Le Prince des marées
Pat CONROY

Mon avis



Comme l’ombre du vent, il fait partie de ces livres desquels on n'a pas envie de se défaire, auxquels on s’est accroché.
Il est de ces livres desquels on a le sentiment d’emprunter l’histoire alors que c’est l’histoire qui s’introduit dans notre vie.
Une fois la dernière page tournée, la dernière phrase lue, alors que la digestion du conte va commencer et perdurer selon chacun dans le temps, le retour à la vie, de savoir que l’on ne pourra plus s’enfermer avec délectation dans son histoire, cela laisse un vide.
Il est de ces livres qui nous laissent un goût de mélancolie, une crampe à l’estomac comme après une rupture imposée par l'autre. L'autre ici, c'est le livre.
Il est de ces livres qui nous abandonnent comme un être cher et à qui on ne peut même pas en vouloir. Car on l’aime.
Il est de ces livres qu'on aime comme on aime une foutue personne.

Liens

Extraits

- Maman, il faut que tu viennes plus souvent, j’ai savouré quelques instants de vrai bonheur avant ton arrivée.

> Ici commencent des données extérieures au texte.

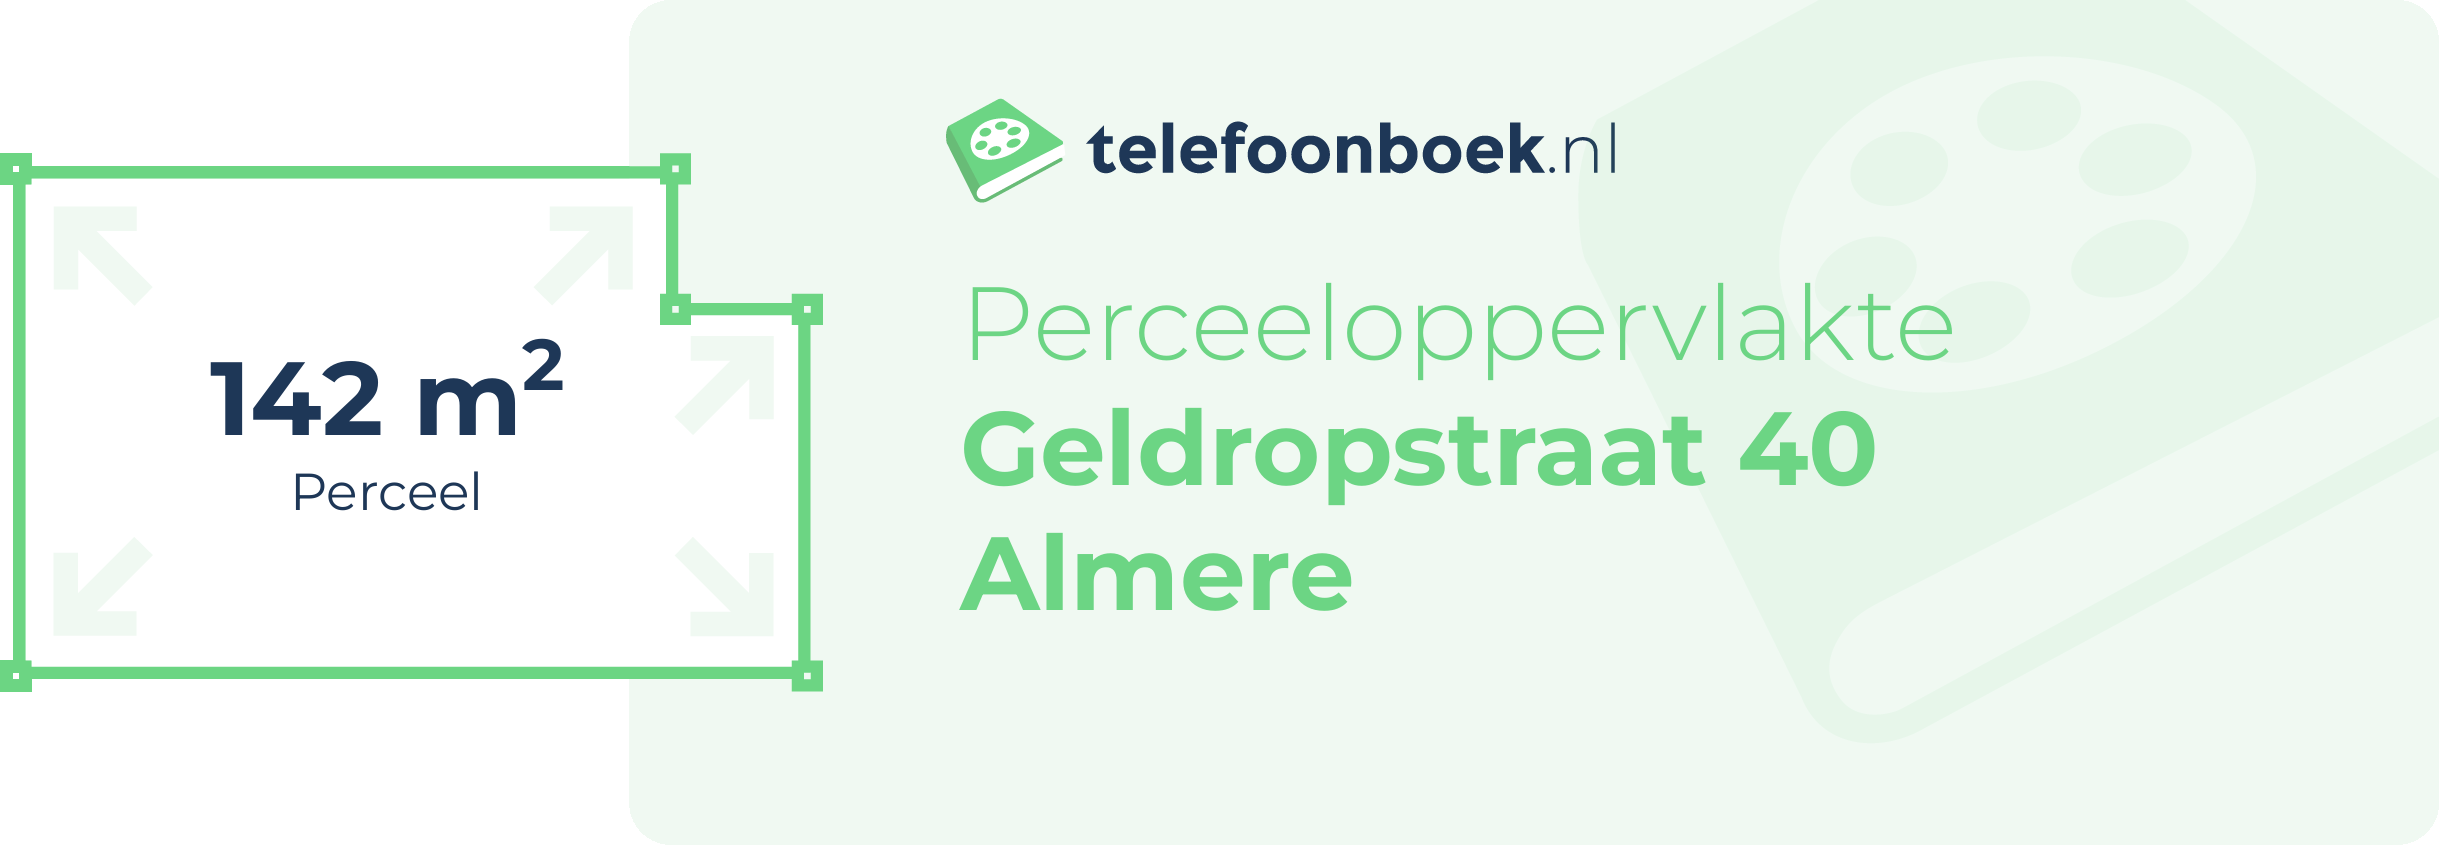 Perceeloppervlakte Geldropstraat 40 Almere

Nous marchâmes plusieurs minutes en silence, dans cette solitude troublante qui parfois s’installe chez les couples au moment le plus incongru. Ce n’était pas pour moi une sensation nouvelle ; j’avais un talent illimité pour faire des êtres chers qui m’aimaient le plus tendrement de parfaits étrangers.


Sallie me dit d’une voix tendre :
« Je ne sais pas ce qui s’est passé. Je ne sais pas ce qui est arrivé au battant que j’ai épousé.
- Si, tu sais, dis-je. Luke, voilà ce qui m’est arrivé ! »
Tout d’un coup elle m’étreignit fougueusement et m’embrassa sur la gorge mais, drapé de triomphale vertu, j’incarnais à la fois le zélateur et la lie de l’ego masculin ; avec la patriarcale rectitude du mâle bafoué, je fus incapable de lui rendre son baiser, ni de tirer le moindre profit de cet instant de grâce. Sallie ne fut point embrassée et rebroussa chemin dans le sable, en direction de notre maison.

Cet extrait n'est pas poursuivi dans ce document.